Lithium insertion in carbons prepared from phosphorus-containing polymers

Abstract

Phosphorus-containing carbon has been prepared by the pyrolysis of phenolic resin containing chemically bonded phosphorus atoms, which is synthesized through the esterification of phenolic hydroxyl group by phosphoric acid. The electrochemical insertion of lithium in as-prepared carbon is also investigated. It is found that, at a pyrolysis temperature of 500°C, the addition of phosphoric acid in the precursor lowers the reversible capacity of the resultant carbon, but at 900°C, the addition of phosphoric acid in the precursor resin increases the reversible capacity of resultant carbon. Especially, the phosphorus-containing carbon prepared by the above method at 900°C gives a capacity beyond the theoretical value of graphite and reasonable discharge/charge curves. The phosphorus-containing carbon prepared by the pyrolysis at 500°C shows a similar electrochemical behavior to that of pure carbon and the effect of phosphorus atoms is little.
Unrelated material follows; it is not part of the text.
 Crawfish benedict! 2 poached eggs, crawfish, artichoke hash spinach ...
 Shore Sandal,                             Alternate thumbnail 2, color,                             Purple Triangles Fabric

Its reversible capacity is mainly determined by the content of hydrogen atoms rather than phosphorus atoms. However, at a relatively high pyrolysis temperature, 900°C, more phosphorus atoms are bonded with carbon atoms and are introduced to the microcrystallite structure of carbon. Hence, phosphorus element exerts a strike effect on the electrochemical behavior of carbon and, because of its different electronic effect from carbon element, more lithium species are inserted into carbon matrix.